(EXERCISE) Set the listing down exactly; no pictures.

(SUPPLIED INFORMATION)
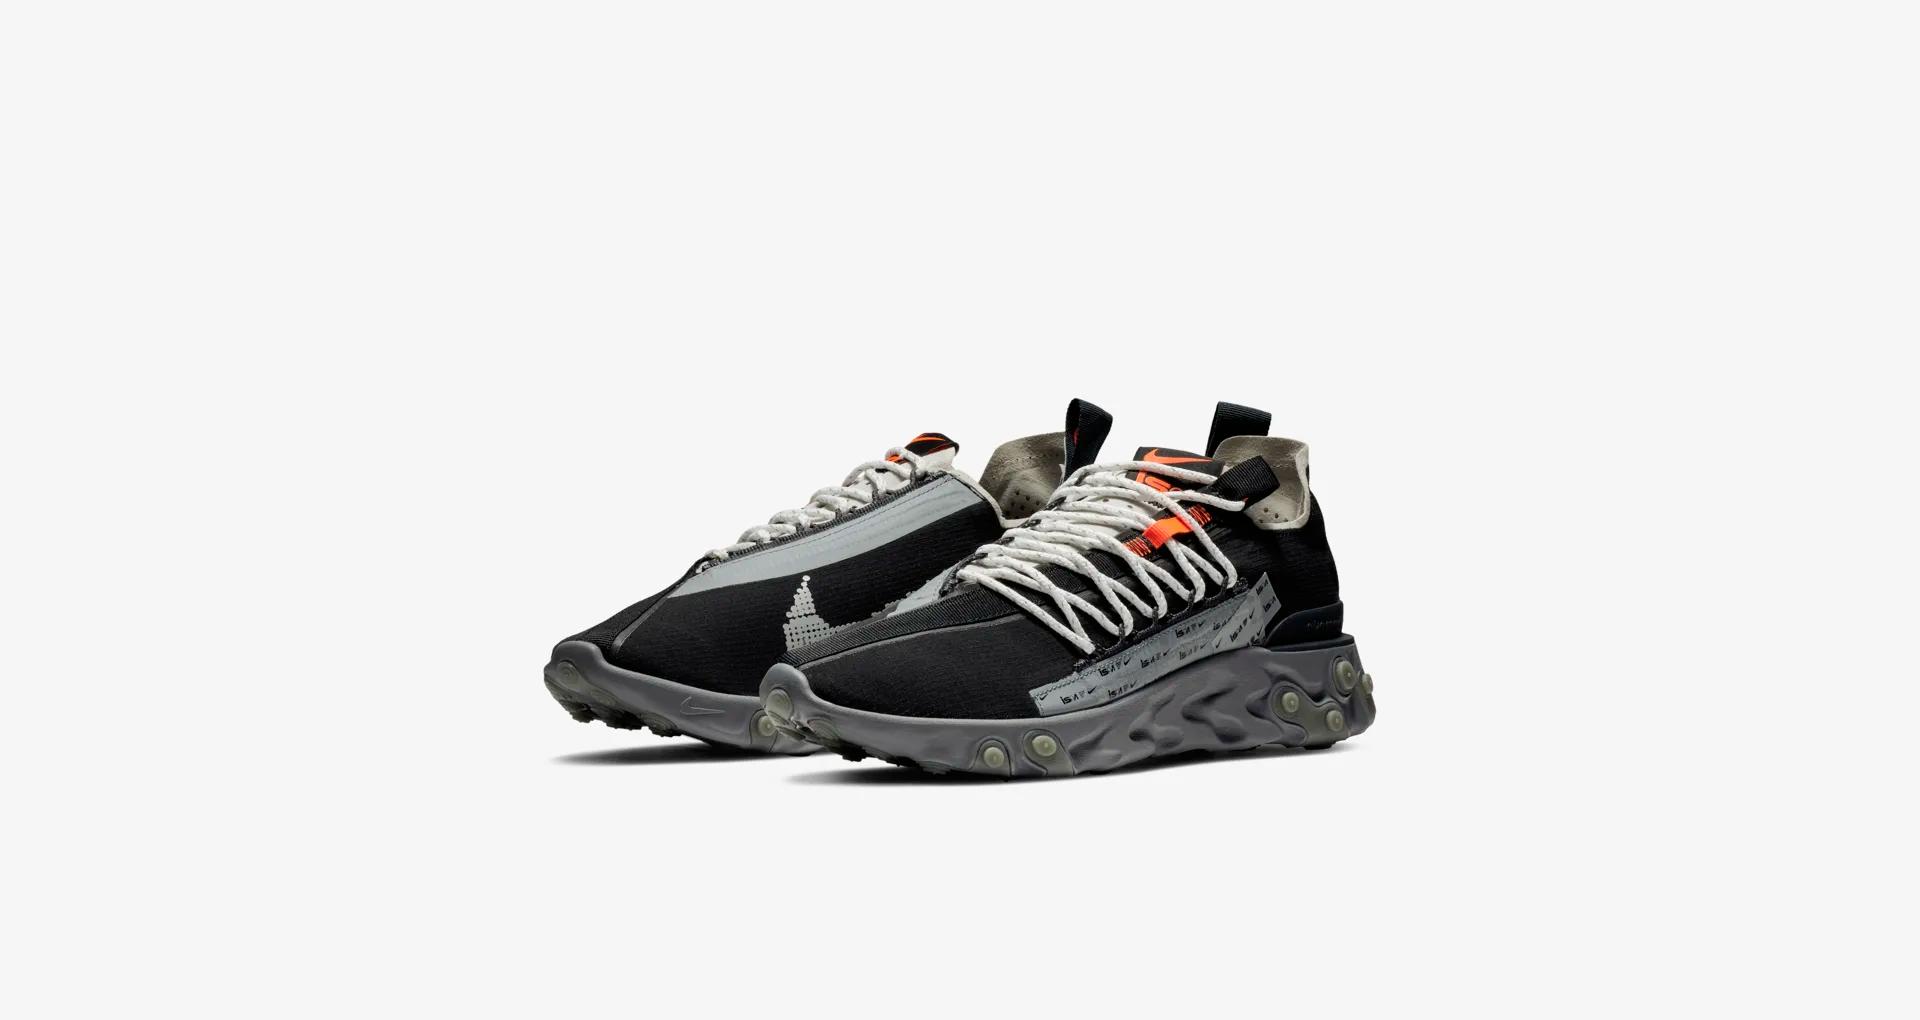 Nike React Runner WR ISPA Black 6
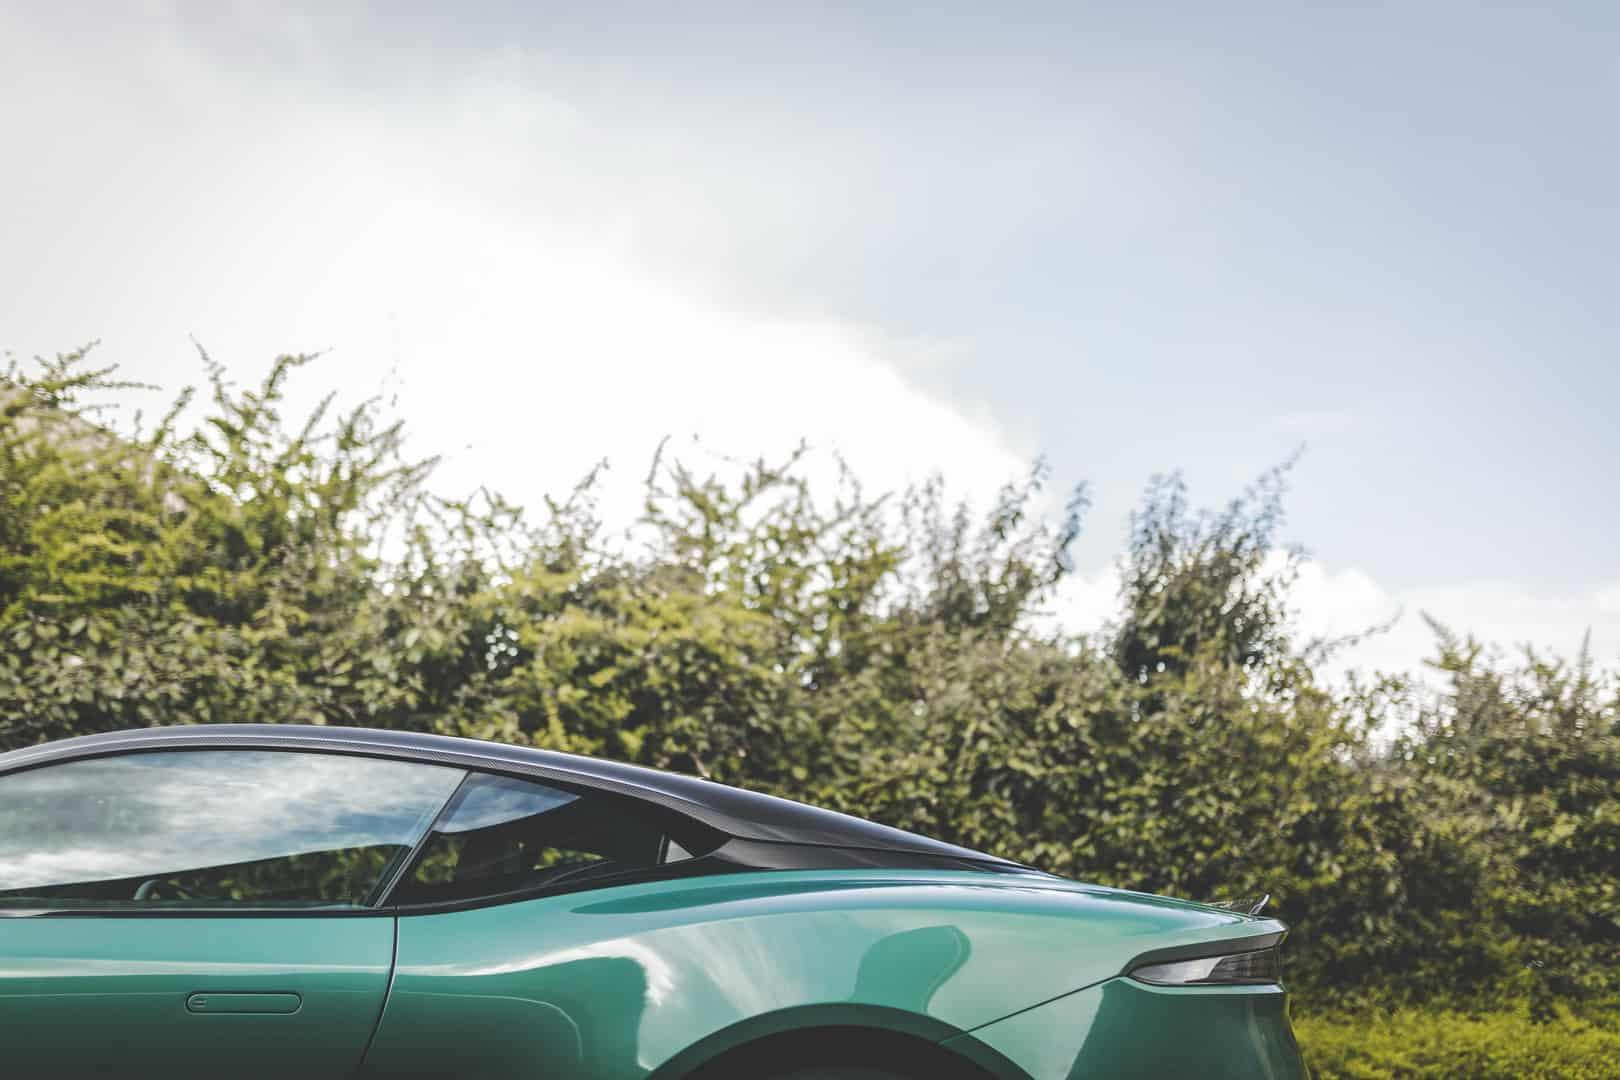 Aston Martin DBS 59 5
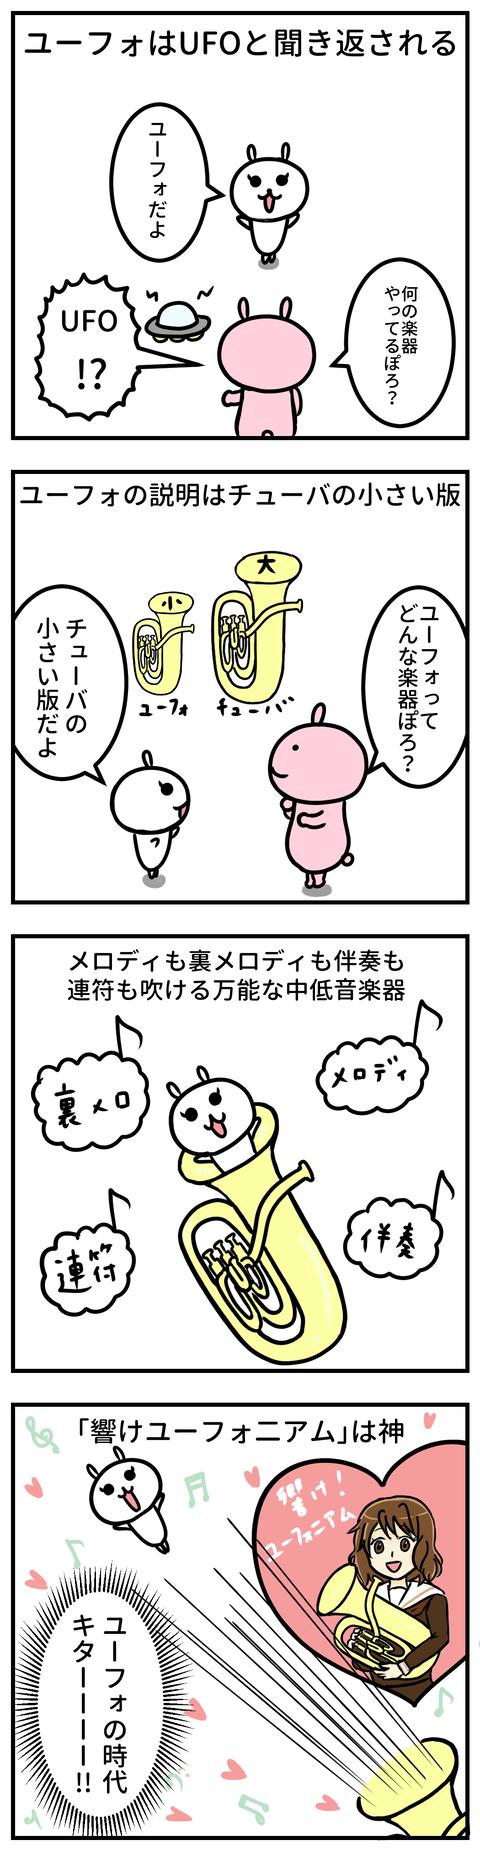 manga-yuzuporo53-1
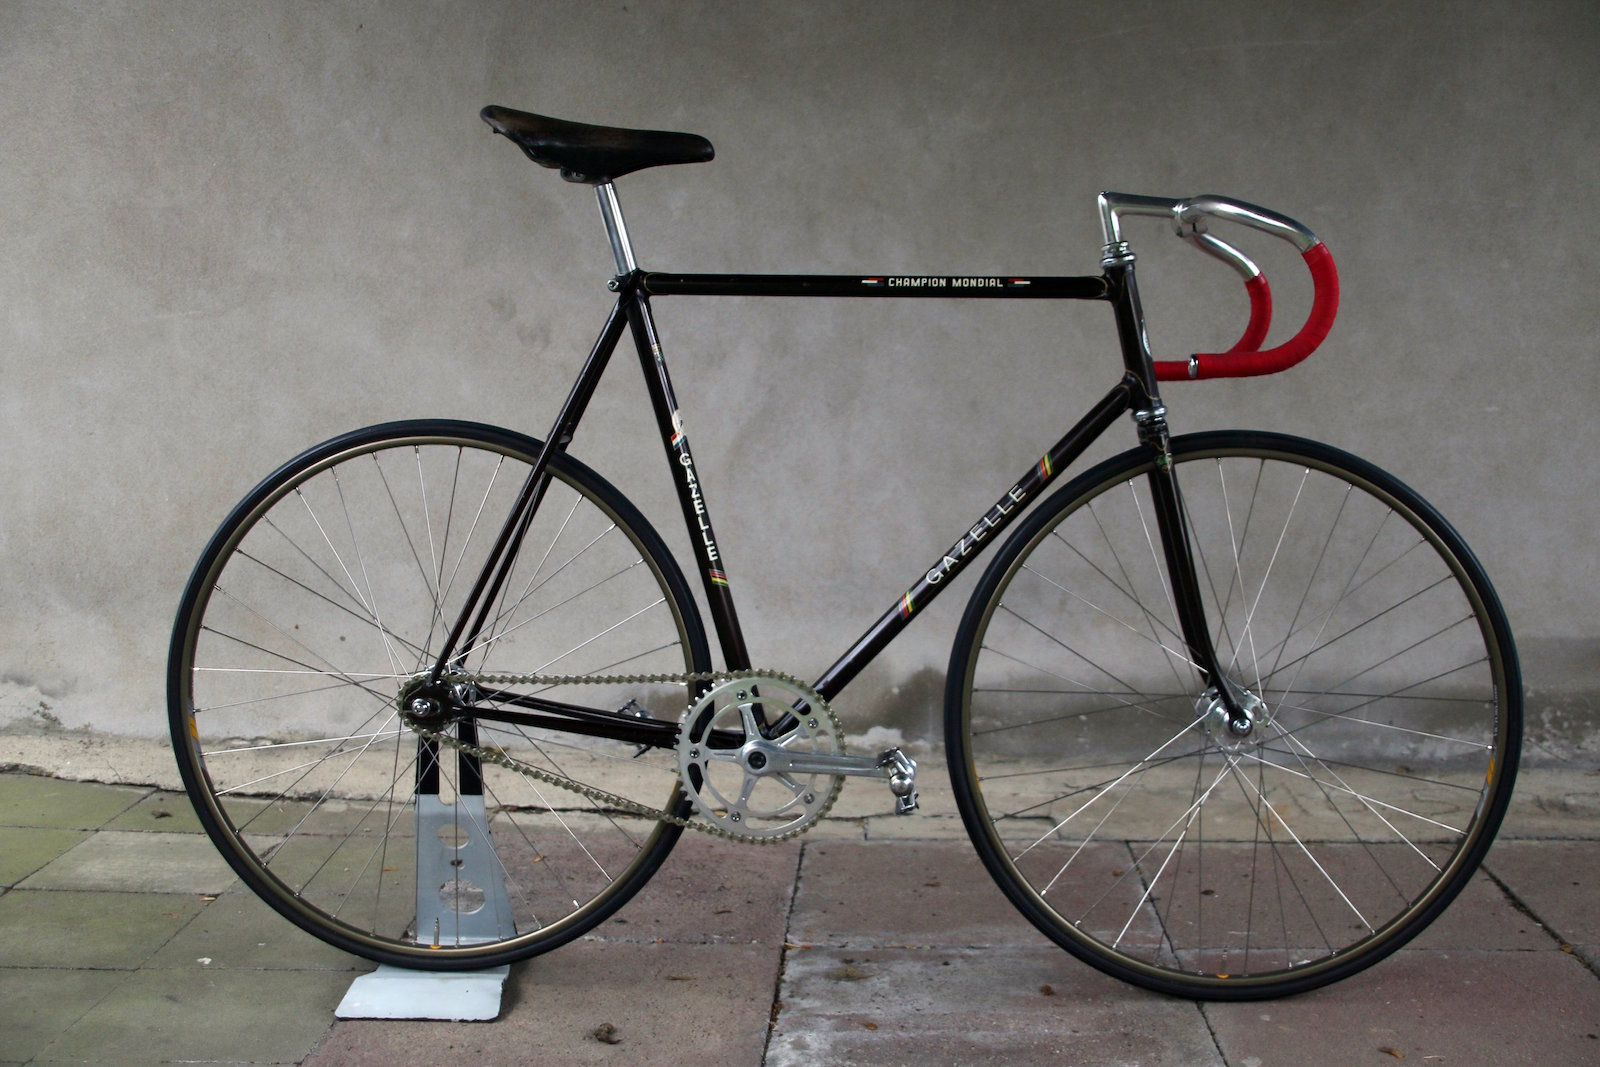 Gazelle Champion Mondial Bahnrad

(TASK ANSWER)
 Nike React Runner WR ISPA Black 6
 Aston Martin DBS 59 5
 manga-yuzuporo53-1
 Gazelle Champion Mondial Bahnrad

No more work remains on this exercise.